TASK ITEM | The line with "jaded london washed" marks the first line to copy, and the line with "Two boda boda" marks the last. Transcribe that stretch of the data below exactly, without pictures.
(Beginning of DATA LISTING)
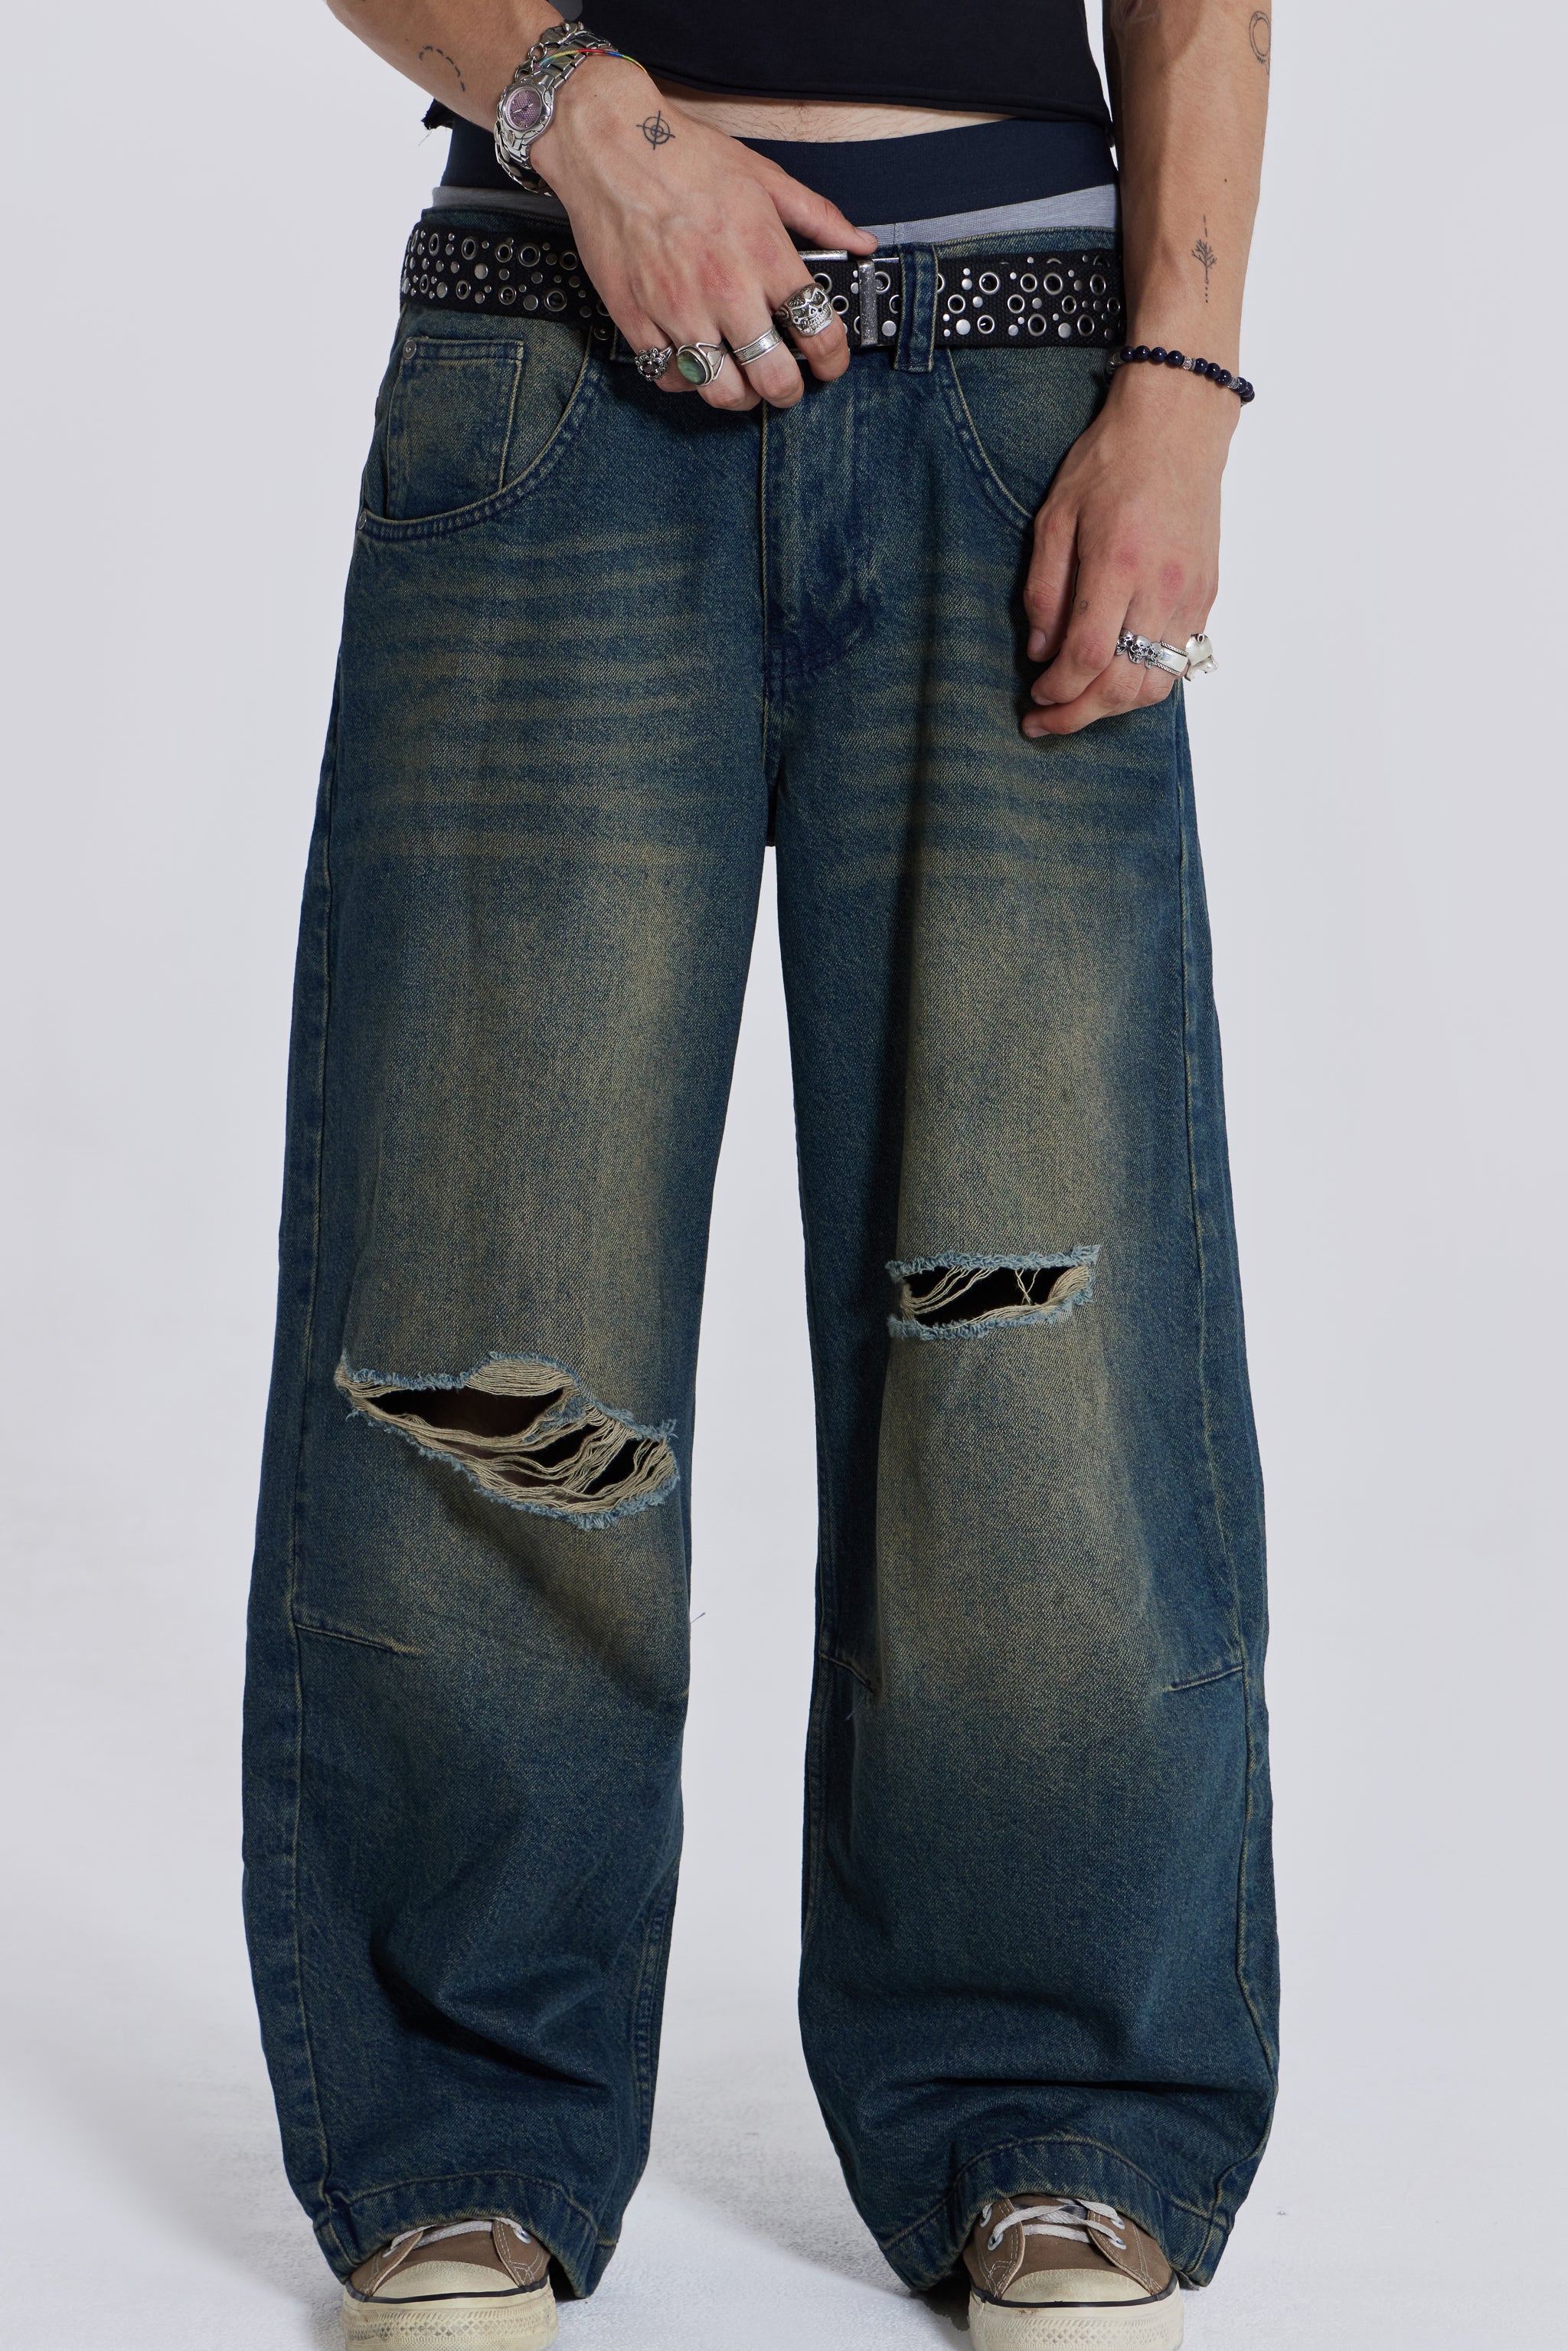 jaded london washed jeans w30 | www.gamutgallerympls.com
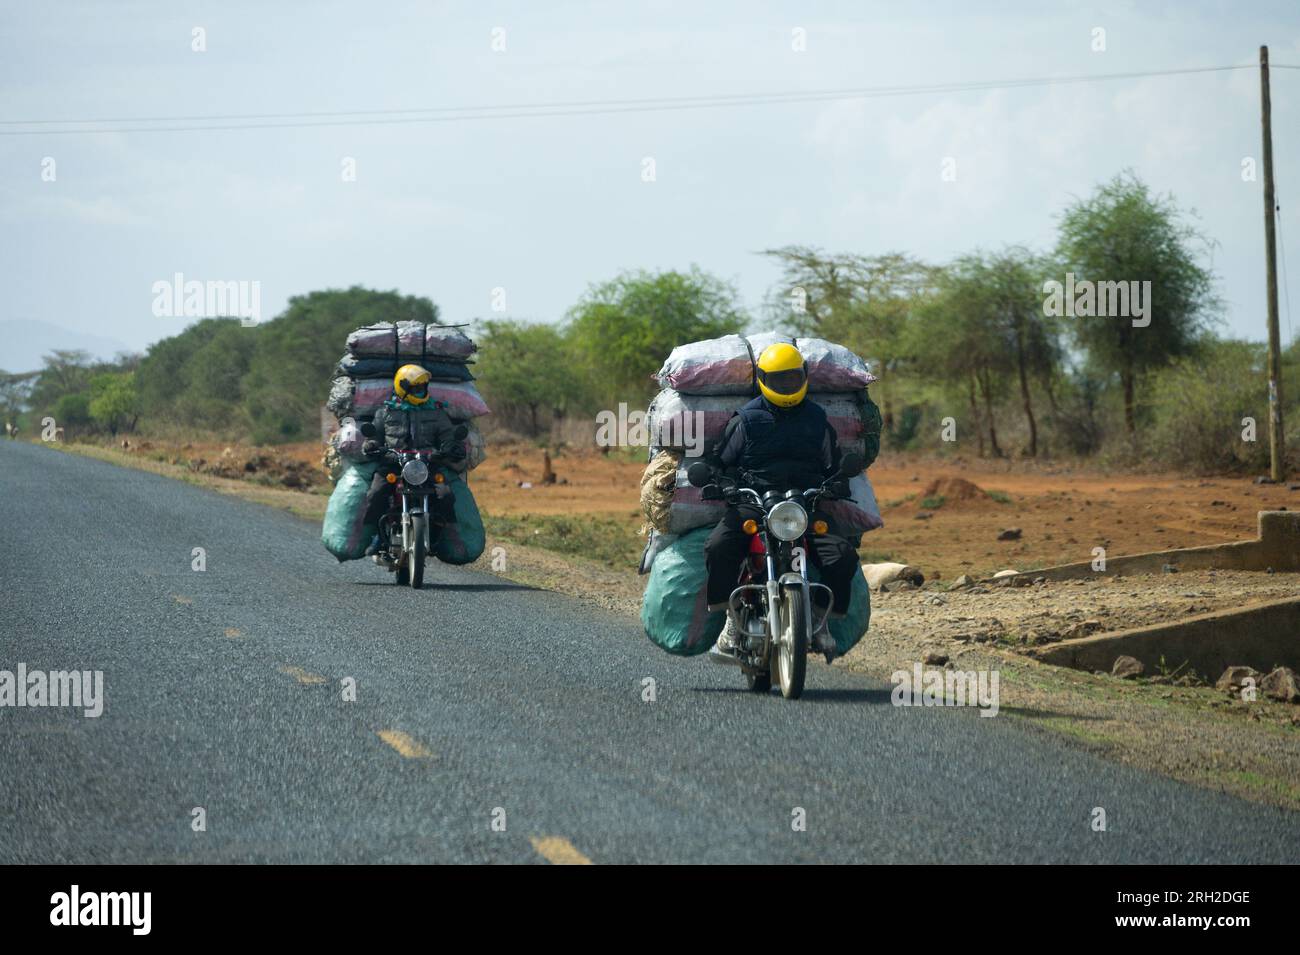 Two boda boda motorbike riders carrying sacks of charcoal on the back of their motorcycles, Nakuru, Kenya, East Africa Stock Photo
(End of DATA LISTING)
(Beginning of DATA LISTING)
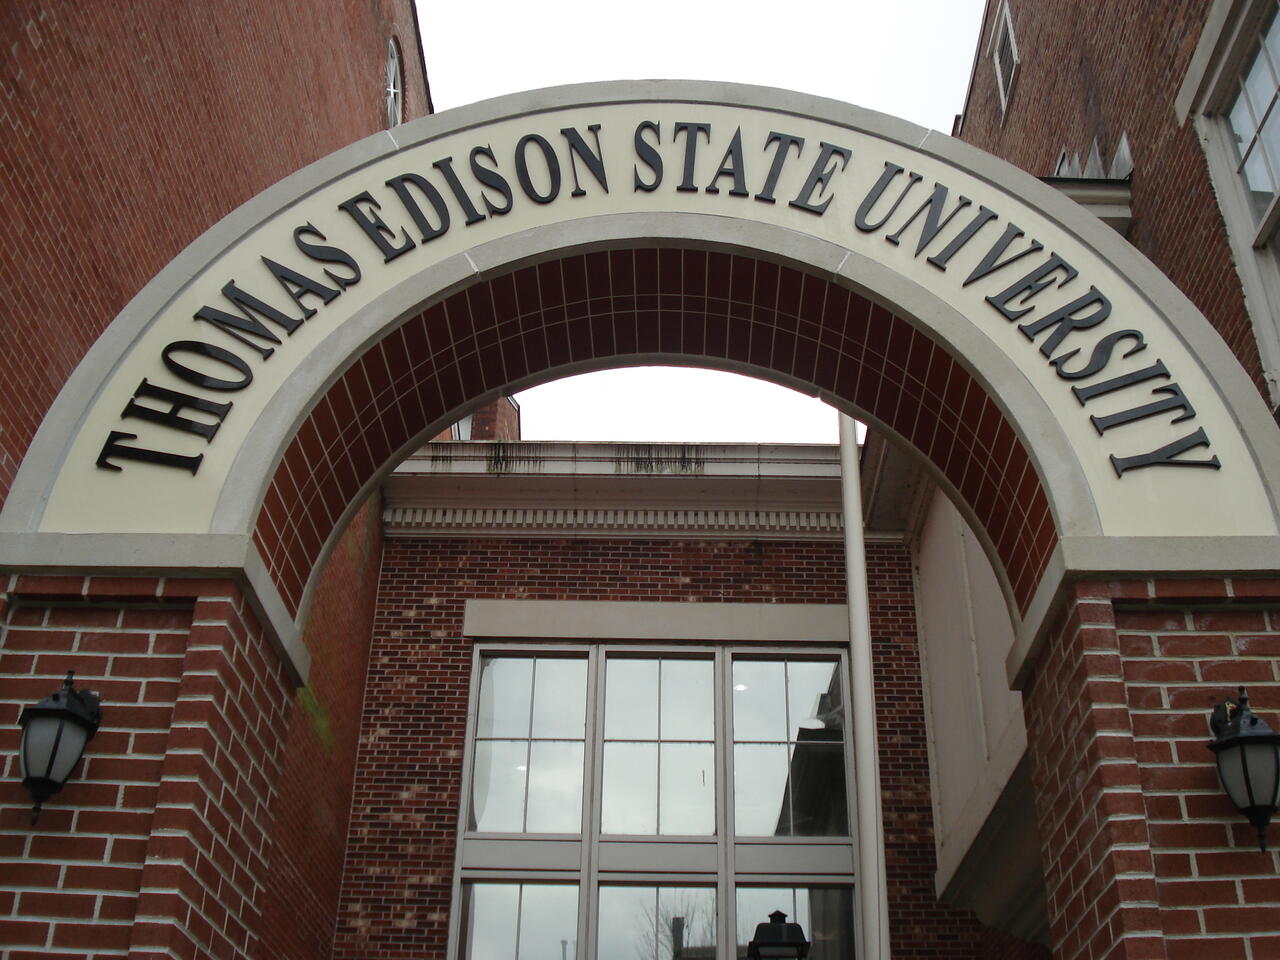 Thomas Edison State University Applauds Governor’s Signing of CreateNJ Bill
(End of DATA LISTING)
RESULT OF THE TASK |
 jaded london washed jeans w30 | www.gamutgallerympls.com
 Two boda boda motorbike riders carrying sacks of charcoal on the back of their motorcycles, Nakuru, Kenya, East Africa Stock Photo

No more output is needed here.